Nanotoxicity of engineered nanomaterials (ENMs) to environmentally relevant beneficial soil bacteria – a critical review
Published in Nanotoxicology, 2019
Ricky W. Lewis, Paul M. Bertsch, David H. McNear
Research with more agronomically relevant N-fixing legumes has also shown that specific ENMs may disrupt the process of nodulation and negatively affect plant health. For instance, 7 mM ZnO (<50 nm) reduced nodule area by ∼66% 14 d post-inoculation, and 2 mM TiO2 (35 nm) reduced nodule area by ∼53% 7 d post-inoculation in hydroponically grown Pisum sativum L (Fan et al. 2014; Huang et al. 2014). Additionally, the process of nodule development, including the onset of nitrogen fixation, was delayed by TiO2 or ZnO ENM exposure. In red clover (Trifolium pretense), TiO2 ENM exposure was shown to reduce N-fixation by the endosymbiont, Rhizobium trifolii, by ∼30–54% (Moll et al. 2016).
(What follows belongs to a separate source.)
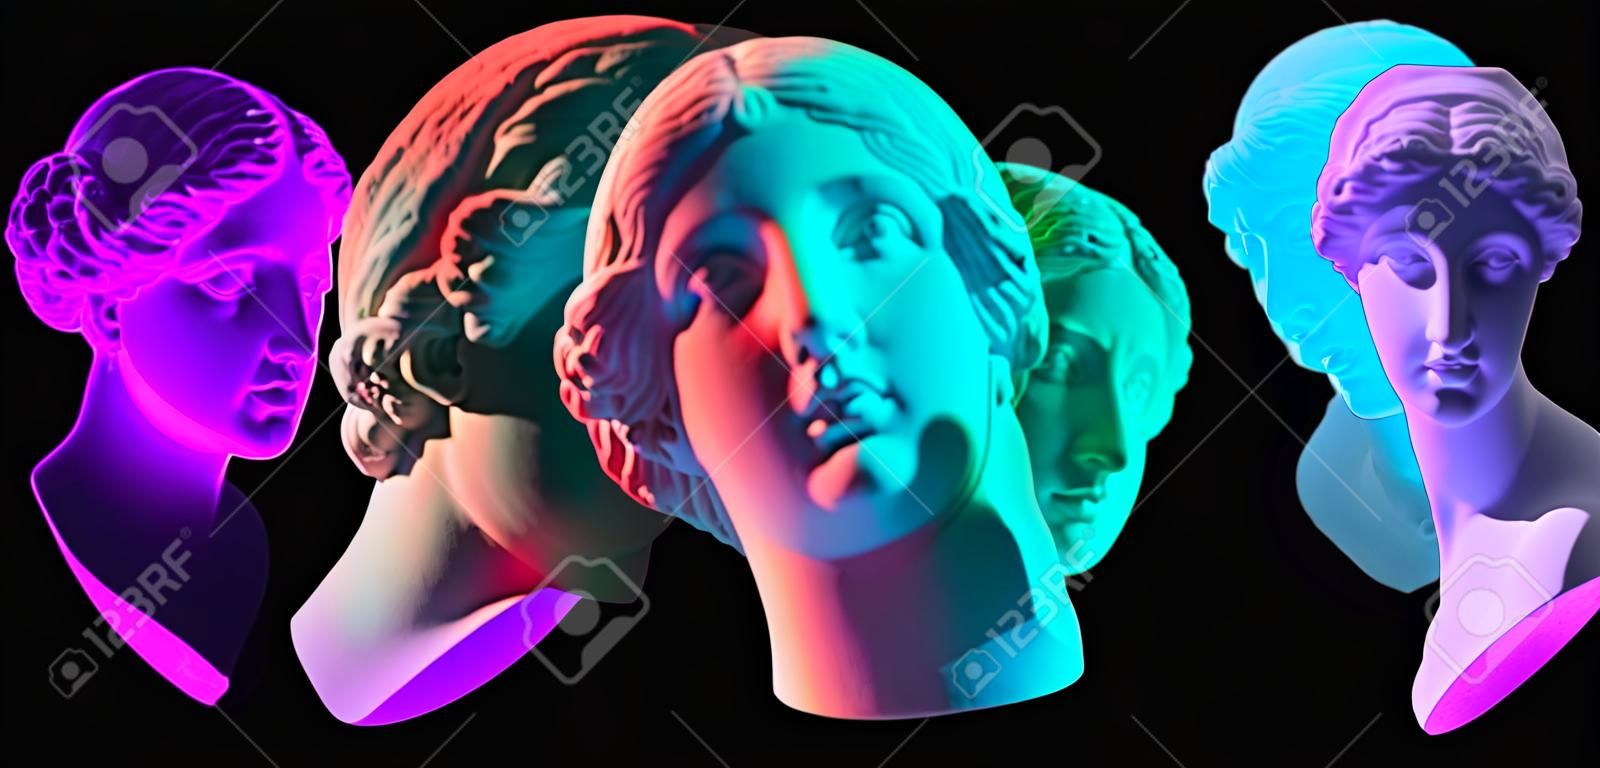 Posąg Wenus z Milo. Kreatywna koncepcja kolorowy neon obraz z starożytną grecką rzeźbą Wenus lub głowy Afrodyty. Webpunk, vaporwave i surrealistyczny styl artystyczny. Pojedynczo na czarno.
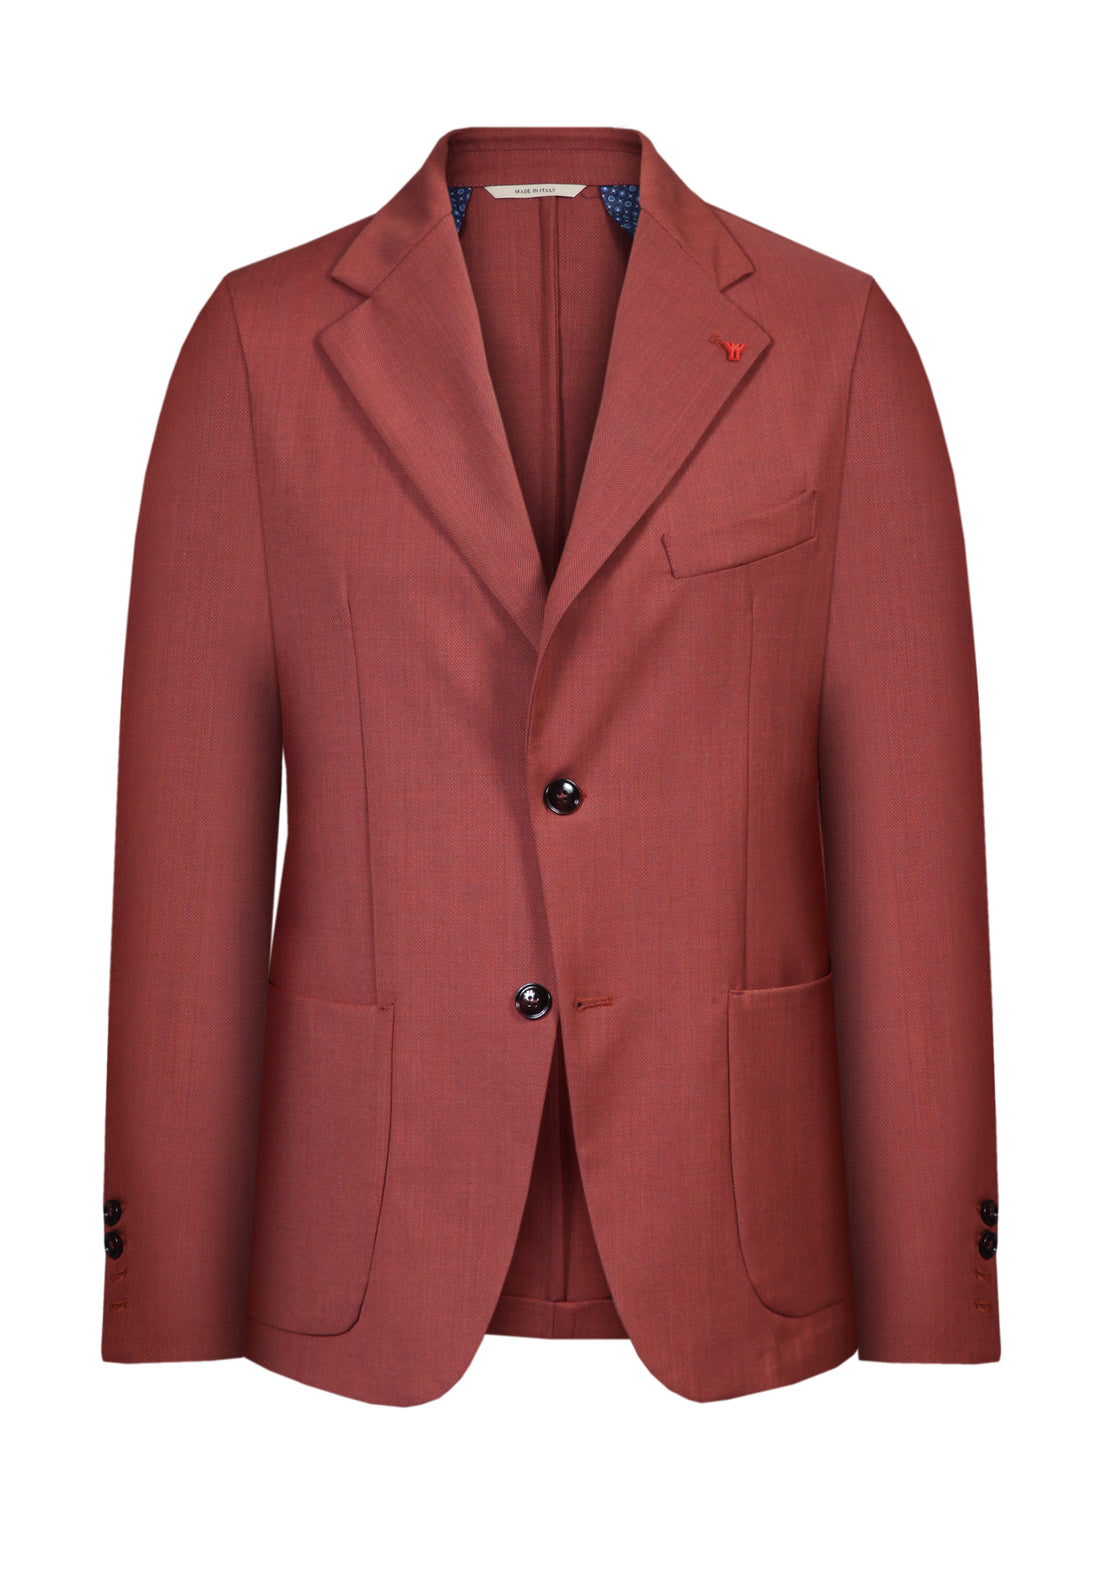 Two-button jacket in herringbone fabric - Coccio

In soybeans (Glycine max), ethylene reduction assays showed high concentrations of CeO2 ENMs (3.6–7.1 mmol kg−1) significantly reduced nitrogen fixation >80% in root nodules (Priester et al. 2012) and ZnO ENMs hindered development and inhibited reproduction (Yoon et al. 2014). Additionally, ZnO and CeO2 nanoparticles in soybeans are thought to differentially elicit genotoxicity as determined through RAPD analysis for DNA damage and mutations (López-Moreno et al. 2010). Another study examining responses of Medicago sativa L inoculated with an unspecified strain of Si. meliloti showed 11.5 mM bulk or ionic zinc decreased seed germination (63 and 75%, respectively), while 11.5 mM ZnO ENMs resulted in a non-statistically significant increase (Bandyopadhyay et al. 2015). Furthermore, 3.8, 7.7, and 11.5 mM ZnO ENM reduced root and shoot biomass (83 and 33%, respectively), while equimolar concentrations of ZnCl2 reduced shoot biomass similarly, but only 11.5 mM reduced shoot biomass (33%). Interestingly, 7.7 and 11.5 mM bulk Zn resulted in large increases (∼400%) in shoot biomass. These results, in aggregate, show that legumes and the process of nodulation and nitrogen fixation are sensitive to various ENMs likely as a confluence of several physiological phenomena.